I believe that the orbital was derived from the use of the wave function in the Schroedinger formula.


I have a question for you. Lasers as being very cold? Explain.

Lasers are used to cut steel and burn holes in substances and in surgical applications. How is that possible?

[Kebsis]

Correct me if I'm wrong, but I think he is thinking of experiments that use lasers to bring the temperature of atoms to almost absolute zero. But in those experiments, the lasers weren't just so cold that they froze the atom; the lasers were used to slow the atoms vibrations to a crawl.

BTW, Astrosmurf, you mentioned that temps below absolute zero are possible in the right conditions. Could you explain that? If Absolute Zero is when an atom isn't moving at all, then below absolute zero the atom would have to have a negative amount of movement!

[dgruss23]

What I really meant was that the 'orbital would disappear' and the electron would be revealed as a particle which it is.

I believe that the orbital was derived from the use of the wave function in the Schroedinger formula.

Just to be clear, electrons exhibit both wave and particle properties as has been demonstrated by diffraction studies.

[cyrek1]

What I really meant was that the 'orbital would disappear' and the electron would be revealed as a particle which it is.

I believe that the orbital was derived from the use of the wave function in the Schroedinger formula.

Just to be clear, electrons exhibit both wave and particle properties as has been demonstrated by diffraction studies.

cyreks reply:

Matter generates waves.
Waves are a product of 'matter in motion'. The waves do not replace the matter.
Ocean waves do not replace the water. Sound waves do not replace the molecules.
Electromagnetic waves do not replace the charged particles.
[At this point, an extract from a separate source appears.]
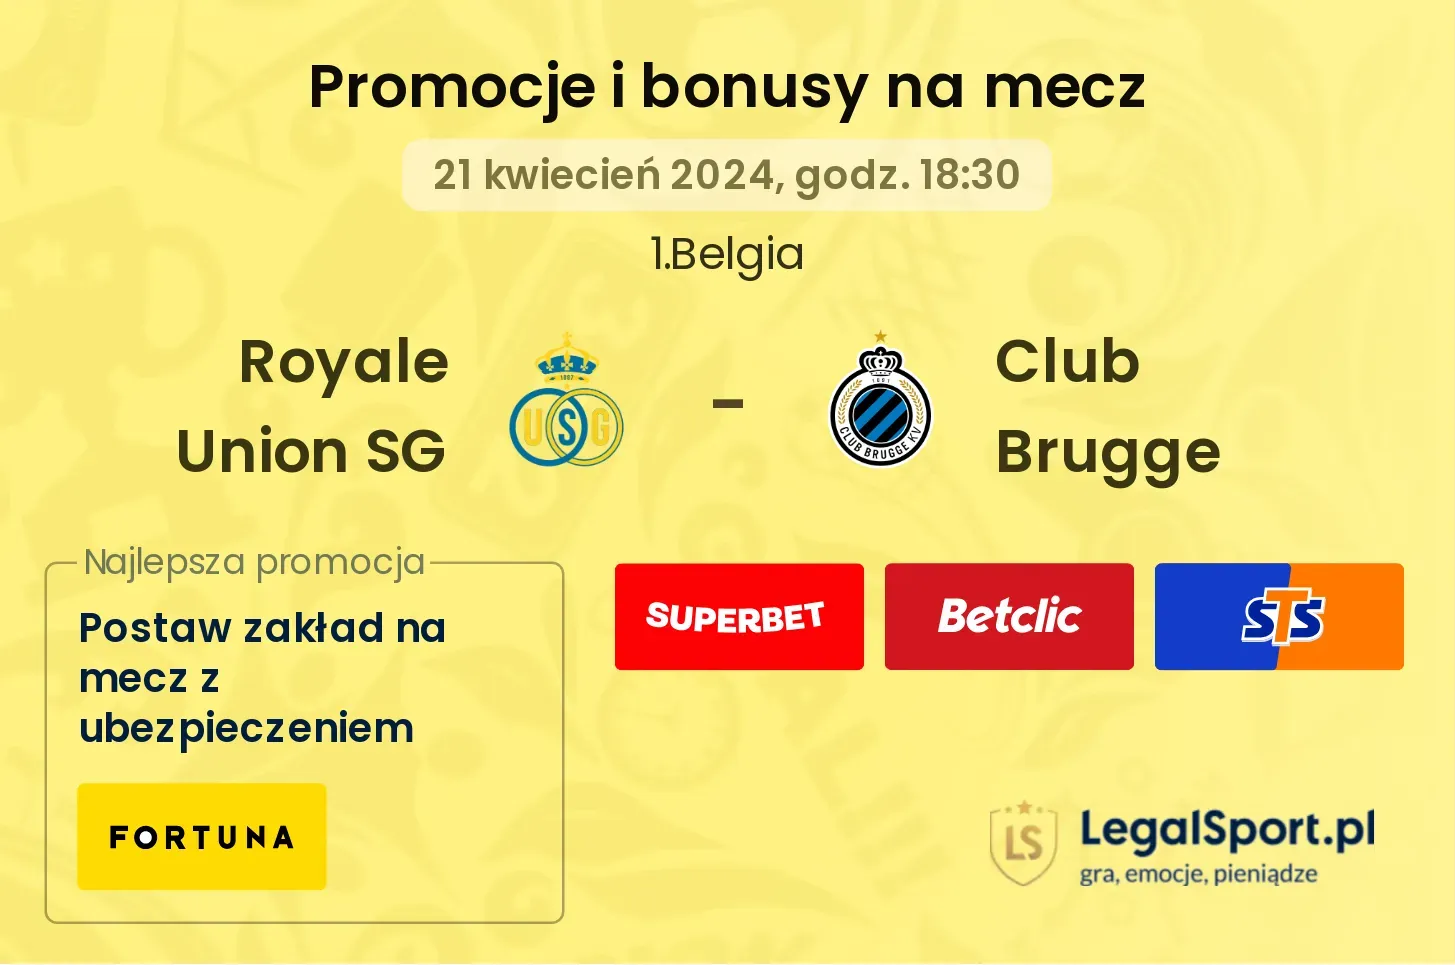 Royale Union SG - Club Brugge promocje bonusy na mecz

This shpuld be considered to be elementary physics.

[Donnie B.]

What I really meant was that the 'orbital would disappear' and the electron would be revealed as a particle which it is.
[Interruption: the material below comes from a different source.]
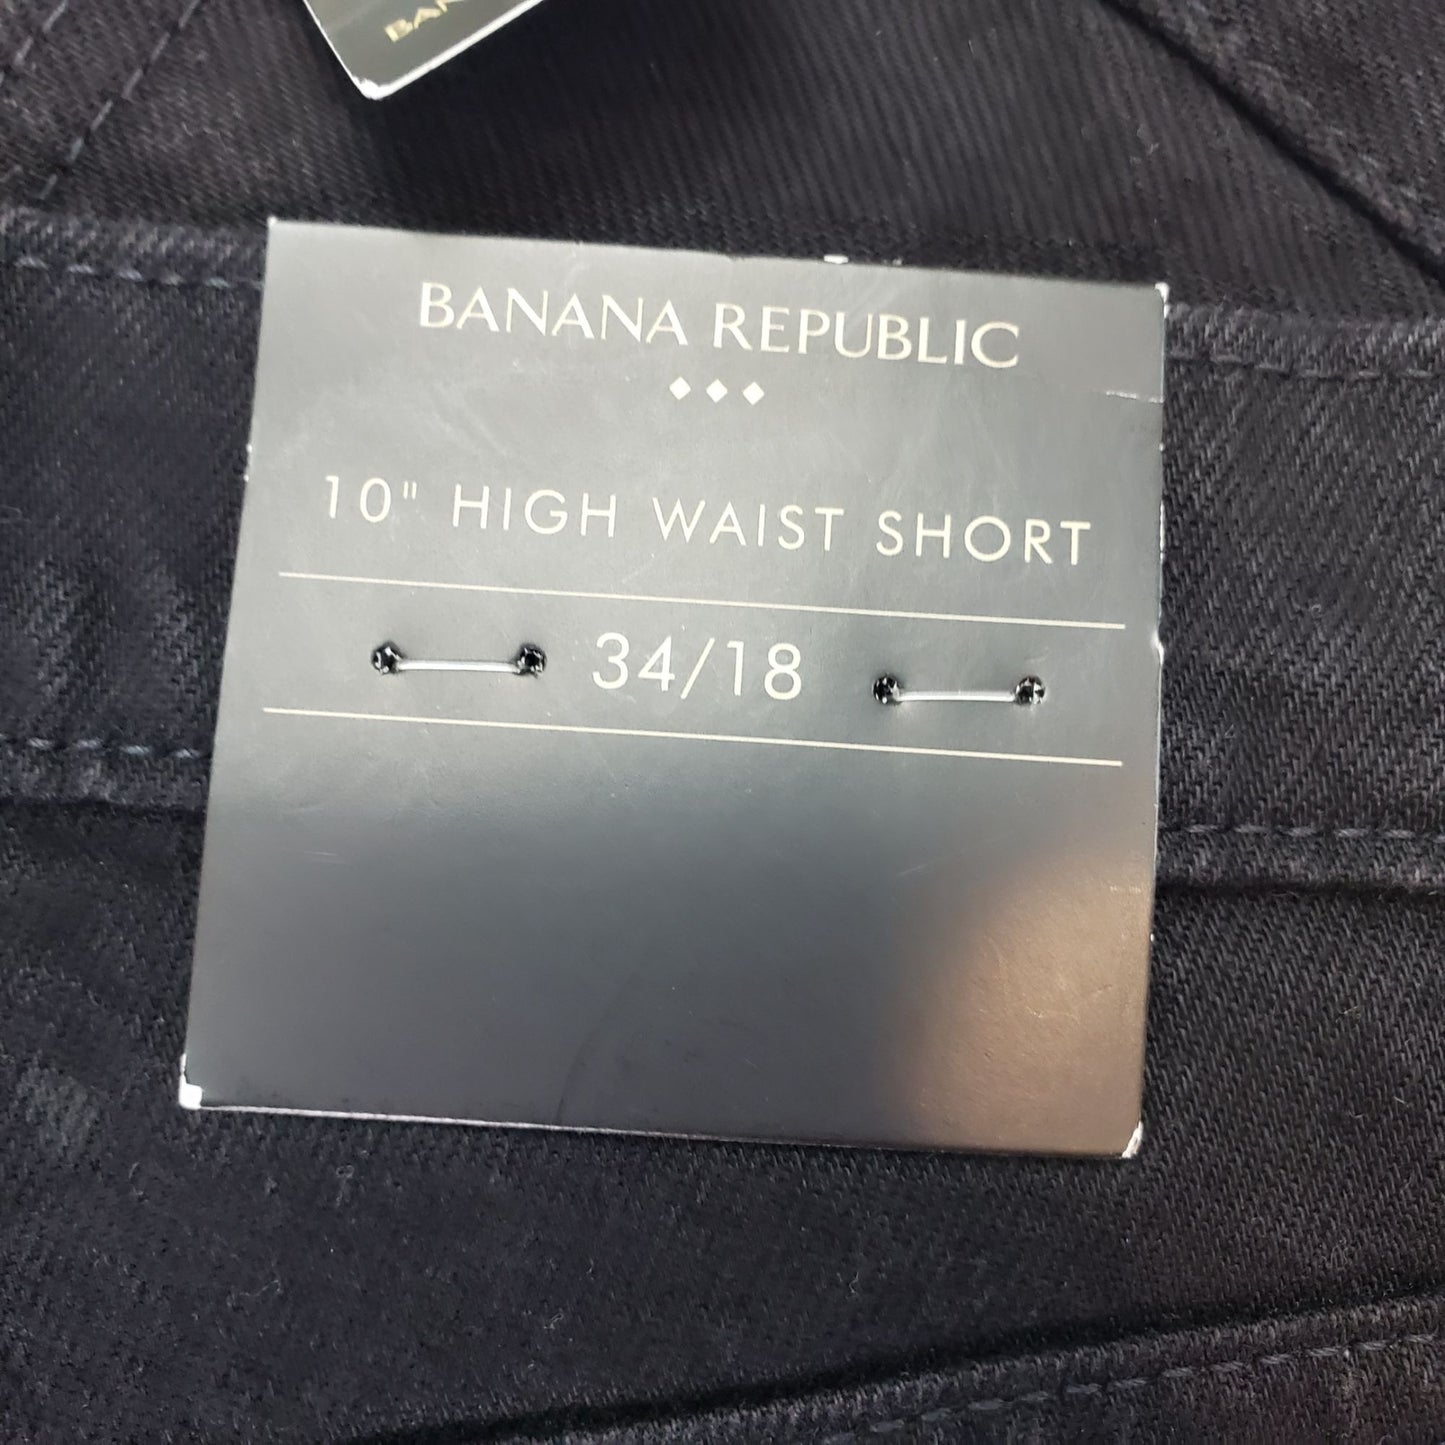 NWT Banana Republic Factory 10" High Waist Short Size 34

I believe that the orbital was derived from the use of the wave function in the Schroedinger formula.

Just to be clear, electrons exhibit both wave and particle properties as has been demonstrated by diffraction studies.

cyreks reply:

Matter generates waves.
Waves are a product of 'matter in motion'. The waves do not replace the matter.
Ocean waves do not replace the water. Sound waves do not replace the molecules.
Electromagnetic waves do not replace the charged particles.
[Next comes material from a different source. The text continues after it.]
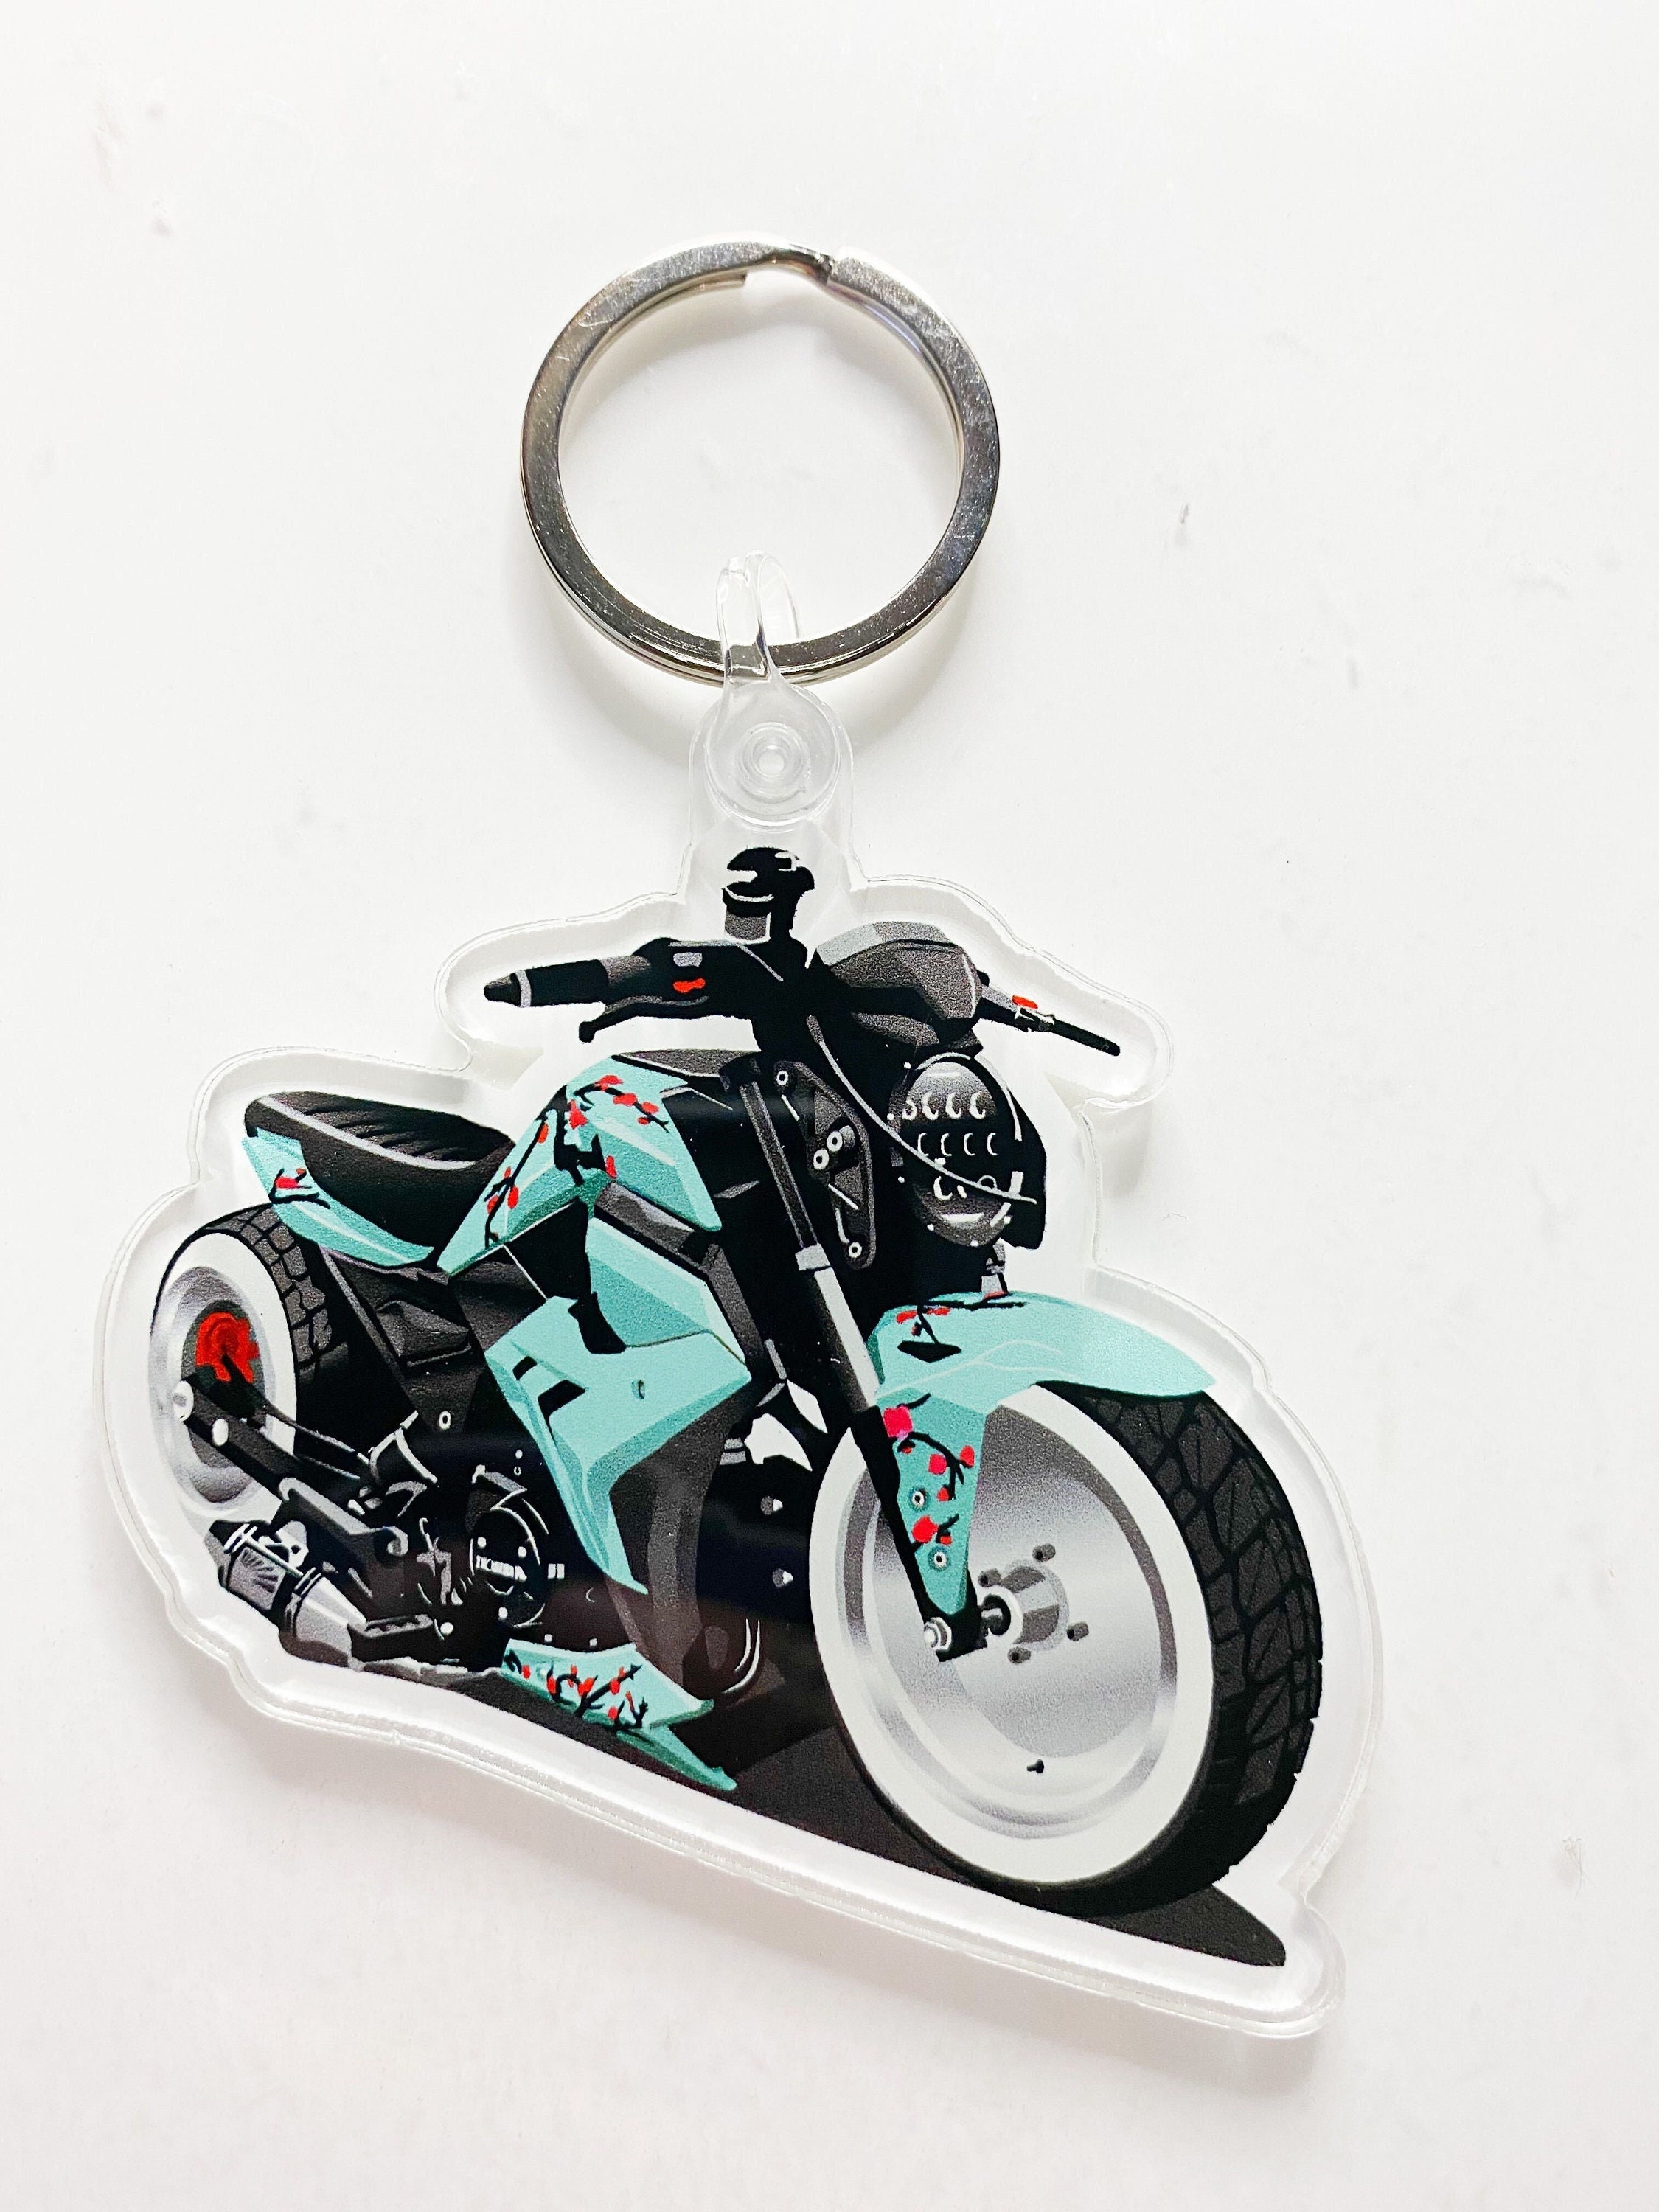 BMW Motorrad Ride & Style Kollektion 2020. Leather Keychain. (11/2019)

This shpuld be considered to be elementary physics.

Intuitively, that's what you might think. But unfortunately, you'd be wrong. Our intuition fails us when we're dealing with very small and/or very fast-moving things.

Like it or not, cyrek, light does behave as both a particle and a wave. It does propagate through empty space with no medium of propagation (ether). Claiming that this is illogical doesn't change those facts.

You don't have to take anybody's word for it. Do the experiments yourself! The equipment isn't very expensive. Better yet, go to your local college or university and find a friendly Physics professor (or department staffer) to set up the experiments. They have the gear on hand -- they use it to teach introductory Physics labs every semester.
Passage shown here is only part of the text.